Fascinated by the typography and atmosphere found in these arcades, urban cartographer and designer Natassa Pappa decided to map the around 40 of them found within the Triangle, and document the vintage signage used to direct visitors in an out of their shady interiors. Known as stoas in Greek, the arcades are now mostly abandoned, but are still open to pedestrians and create an alternative walking network that's unknown to its majority, even to Athenians. Meticulously recording the typography designs at the entrance of each arcade, Natassa Pappa created a booklet that showcases the sheer variety and inventiveness of vintage Athenian signage and graphic design found within these old arcades. The "Into Stoas" city guide includes a map of the city centre pointing out the location of each arcade, as well as a minimalist "vocabulary" with all the arcade floorplans, that architecture and urban-planning enthusiasts will surely find exciting.
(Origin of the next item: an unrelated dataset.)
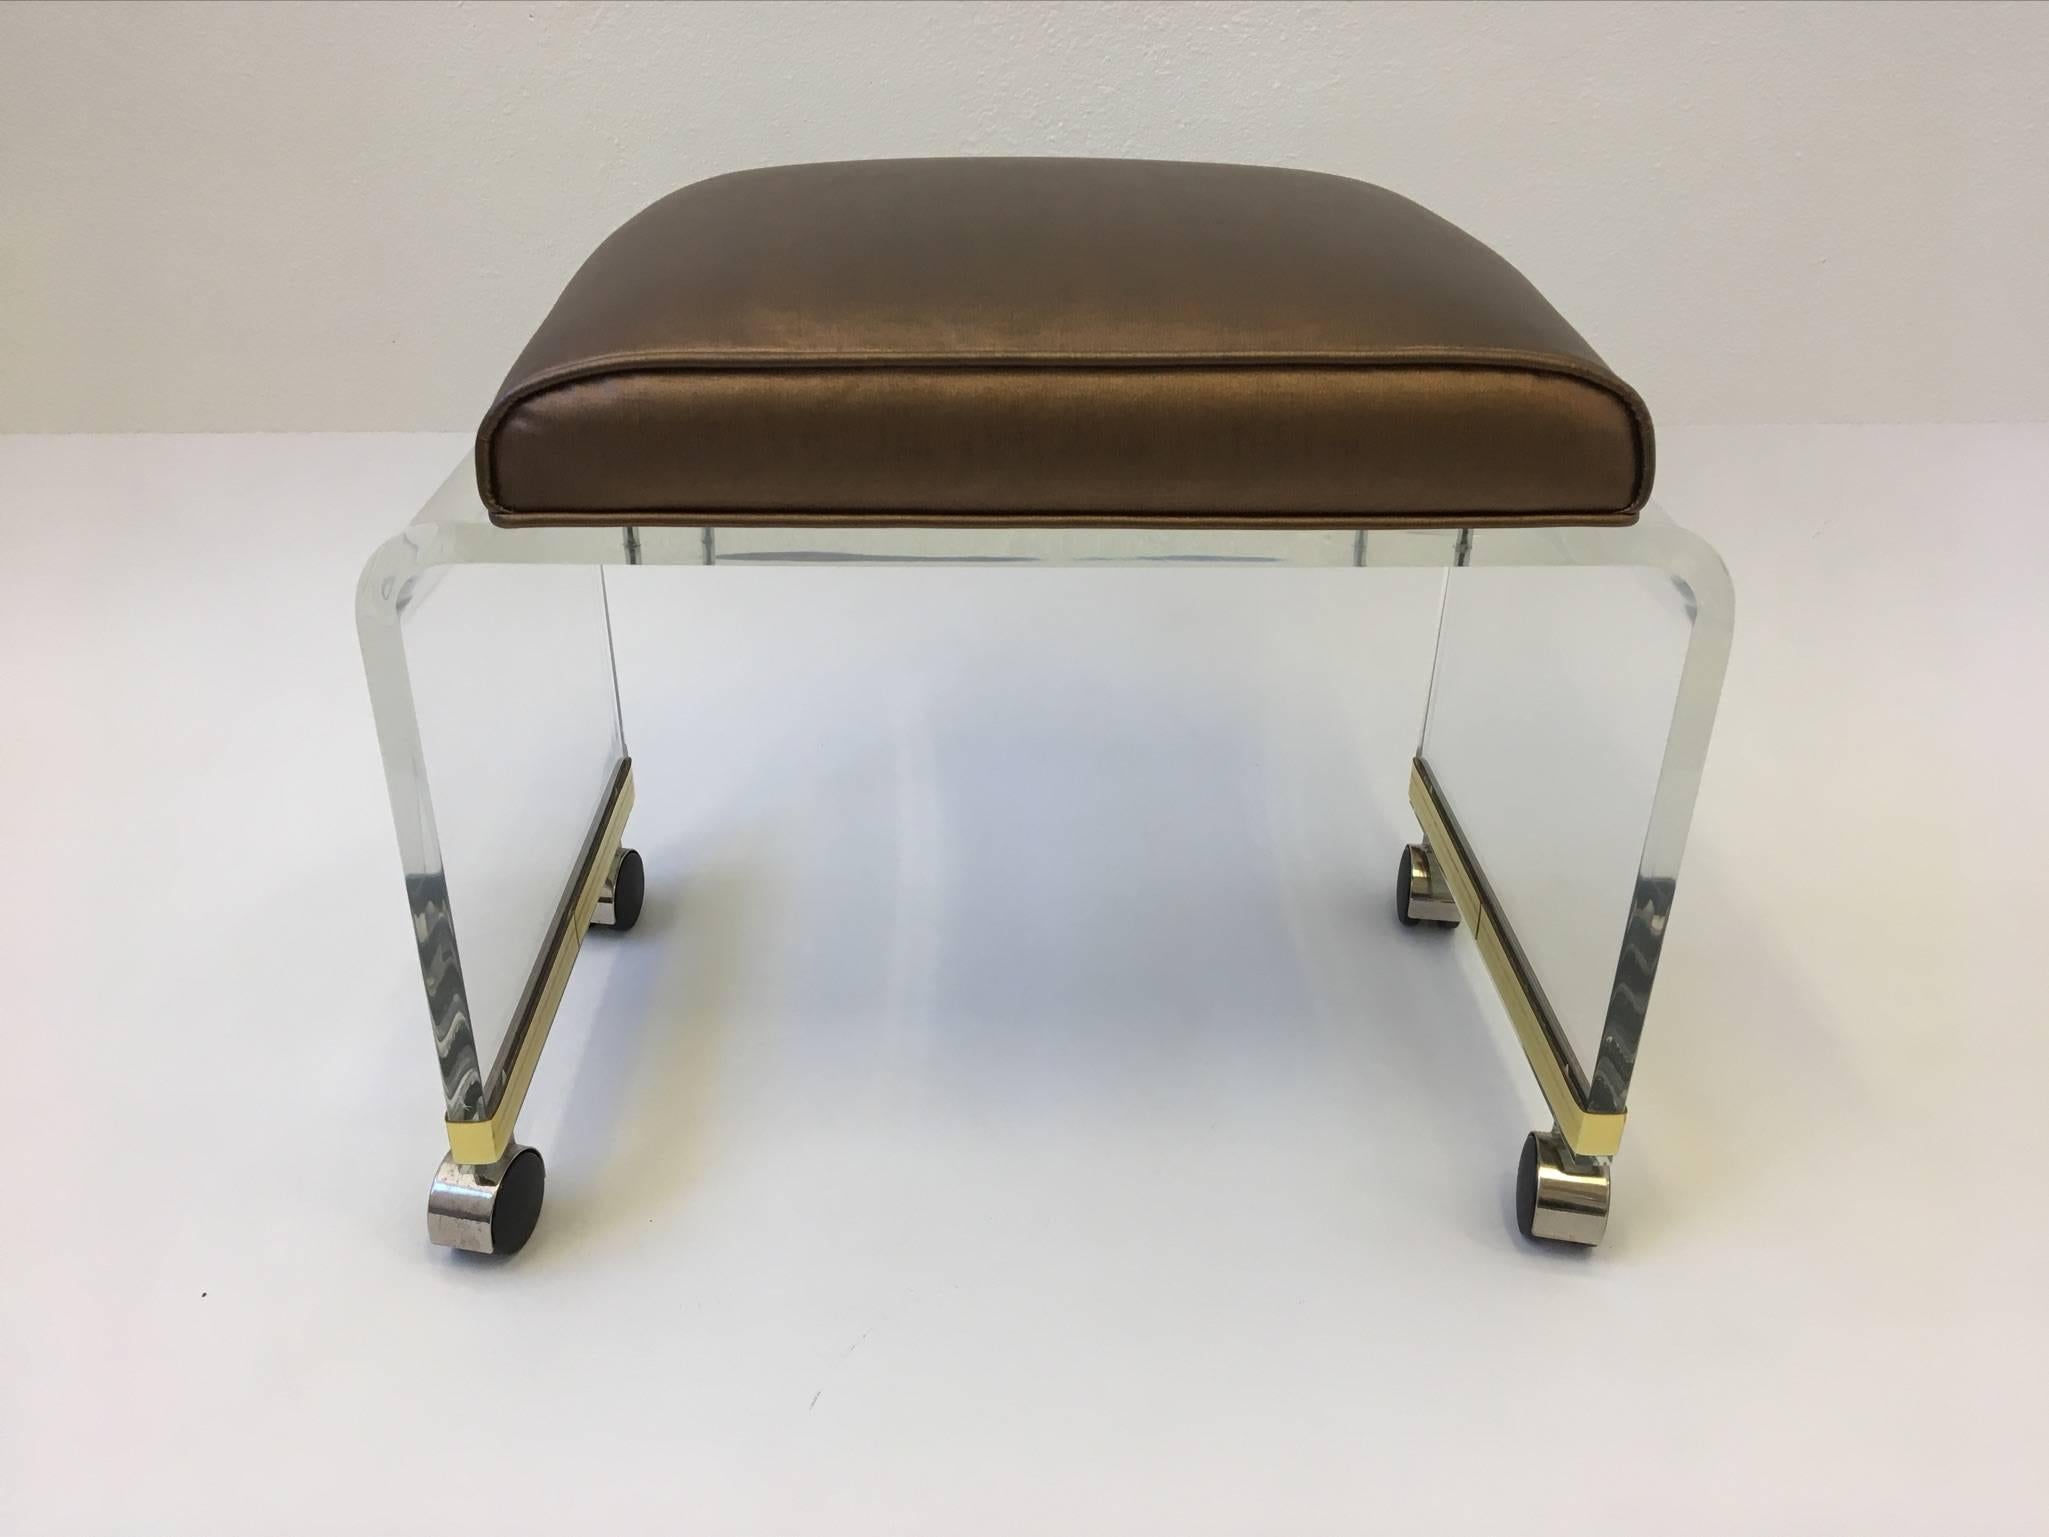 A glamorous 1980s thick acrylic waterfall vanity stool by Hill Manufacturing Corp. This is from the 1980s. The acrylic has been professionally polished and newly reupholstered with a copper color high quality vinyl. 

Dimensions: 21.5

A flâneuse in the most literal meaning of the word, Natassa Pappa loves to wander in the city and explore every little street and neighbourhood. As part of ther Into Stoas project, she also takes visitors on tours into the Athenian arcades, to discover hidden cafés, creative studios and unique architectural features that are invisible from the street. From the impressive neon-sign collection of the Merchants' Arcade to the busy Stoa Kaïri and its lovely coffee shop, the Into Stoas tour offers a completely different experience of the city, one where the past and the present intertwine and the real side of Athens comes into the light.